→ Record extracts
--- START ---

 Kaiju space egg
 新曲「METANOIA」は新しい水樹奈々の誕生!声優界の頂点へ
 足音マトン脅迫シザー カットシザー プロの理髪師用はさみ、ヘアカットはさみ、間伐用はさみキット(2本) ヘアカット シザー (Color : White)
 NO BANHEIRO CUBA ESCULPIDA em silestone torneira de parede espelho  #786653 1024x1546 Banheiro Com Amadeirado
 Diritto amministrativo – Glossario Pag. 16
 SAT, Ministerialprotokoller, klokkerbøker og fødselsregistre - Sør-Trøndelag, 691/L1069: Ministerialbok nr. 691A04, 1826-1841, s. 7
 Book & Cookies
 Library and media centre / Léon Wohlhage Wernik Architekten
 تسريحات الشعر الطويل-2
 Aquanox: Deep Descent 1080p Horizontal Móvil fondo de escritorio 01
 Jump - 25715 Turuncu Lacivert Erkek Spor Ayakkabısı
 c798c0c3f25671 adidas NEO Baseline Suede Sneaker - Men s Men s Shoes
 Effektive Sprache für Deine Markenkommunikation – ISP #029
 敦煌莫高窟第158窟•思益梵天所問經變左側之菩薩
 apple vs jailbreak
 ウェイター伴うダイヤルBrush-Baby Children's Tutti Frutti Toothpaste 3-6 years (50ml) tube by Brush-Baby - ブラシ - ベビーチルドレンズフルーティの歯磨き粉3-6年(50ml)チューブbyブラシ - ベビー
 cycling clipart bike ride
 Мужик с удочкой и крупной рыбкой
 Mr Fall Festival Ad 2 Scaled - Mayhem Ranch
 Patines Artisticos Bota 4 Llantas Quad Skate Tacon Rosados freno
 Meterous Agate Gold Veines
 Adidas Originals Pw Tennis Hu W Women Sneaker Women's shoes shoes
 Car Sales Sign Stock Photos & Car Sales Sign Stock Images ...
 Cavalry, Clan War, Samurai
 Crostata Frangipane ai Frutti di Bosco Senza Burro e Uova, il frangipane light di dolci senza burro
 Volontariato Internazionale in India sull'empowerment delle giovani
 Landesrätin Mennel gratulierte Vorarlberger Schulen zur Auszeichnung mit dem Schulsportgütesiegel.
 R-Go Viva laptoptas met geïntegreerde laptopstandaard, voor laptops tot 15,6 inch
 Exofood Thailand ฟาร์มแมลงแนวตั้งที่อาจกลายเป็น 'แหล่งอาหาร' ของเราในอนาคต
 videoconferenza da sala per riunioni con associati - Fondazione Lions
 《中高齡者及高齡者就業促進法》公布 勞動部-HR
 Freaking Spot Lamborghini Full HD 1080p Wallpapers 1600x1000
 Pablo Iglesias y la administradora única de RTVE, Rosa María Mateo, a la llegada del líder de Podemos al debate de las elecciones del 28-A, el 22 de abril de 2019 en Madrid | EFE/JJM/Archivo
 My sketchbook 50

--- END ---

→ Work instruction
Return every entry exactly.

→ Exercise result
 Kaiju space egg
 新曲「METANOIA」は新しい水樹奈々の誕生!声優界の頂点へ
 足音マトン脅迫シザー カットシザー プロの理髪師用はさみ、ヘアカットはさみ、間伐用はさみキット(2本) ヘアカット シザー (Color : White)
 NO BANHEIRO CUBA ESCULPIDA em silestone torneira de parede espelho  #786653 1024x1546 Banheiro Com Amadeirado
 Diritto amministrativo – Glossario Pag. 16
 SAT, Ministerialprotokoller, klokkerbøker og fødselsregistre - Sør-Trøndelag, 691/L1069: Ministerialbok nr. 691A04, 1826-1841, s. 7
 Book & Cookies
 Library and media centre / Léon Wohlhage Wernik Architekten
 تسريحات الشعر الطويل-2
 Aquanox: Deep Descent 1080p Horizontal Móvil fondo de escritorio 01
 Jump - 25715 Turuncu Lacivert Erkek Spor Ayakkabısı
 c798c0c3f25671 adidas NEO Baseline Suede Sneaker - Men s Men s Shoes
 Effektive Sprache für Deine Markenkommunikation – ISP #029
 敦煌莫高窟第158窟•思益梵天所問經變左側之菩薩
 apple vs jailbreak
 ウェイター伴うダイヤルBrush-Baby Children's Tutti Frutti Toothpaste 3-6 years (50ml) tube by Brush-Baby - ブラシ - ベビーチルドレンズフルーティの歯磨き粉3-6年(50ml)チューブbyブラシ - ベビー
 cycling clipart bike ride
 Мужик с удочкой и крупной рыбкой
 Mr Fall Festival Ad 2 Scaled - Mayhem Ranch
 Patines Artisticos Bota 4 Llantas Quad Skate Tacon Rosados freno
 Meterous Agate Gold Veines
 Adidas Originals Pw Tennis Hu W Women Sneaker Women's shoes shoes
 Car Sales Sign Stock Photos & Car Sales Sign Stock Images ...
 Cavalry, Clan War, Samurai
 Crostata Frangipane ai Frutti di Bosco Senza Burro e Uova, il frangipane light di dolci senza burro
 Volontariato Internazionale in India sull'empowerment delle giovani
 Landesrätin Mennel gratulierte Vorarlberger Schulen zur Auszeichnung mit dem Schulsportgütesiegel.
 R-Go Viva laptoptas met geïntegreerde laptopstandaard, voor laptops tot 15,6 inch
 Exofood Thailand ฟาร์มแมลงแนวตั้งที่อาจกลายเป็น 'แหล่งอาหาร' ของเราในอนาคต
 videoconferenza da sala per riunioni con associati - Fondazione Lions
 《中高齡者及高齡者就業促進法》公布 勞動部-HR
 Freaking Spot Lamborghini Full HD 1080p Wallpapers 1600x1000
 Pablo Iglesias y la administradora única de RTVE, Rosa María Mateo, a la llegada del líder de Podemos al debate de las elecciones del 28-A, el 22 de abril de 2019 en Madrid | EFE/JJM/Archivo
 My sketchbook 50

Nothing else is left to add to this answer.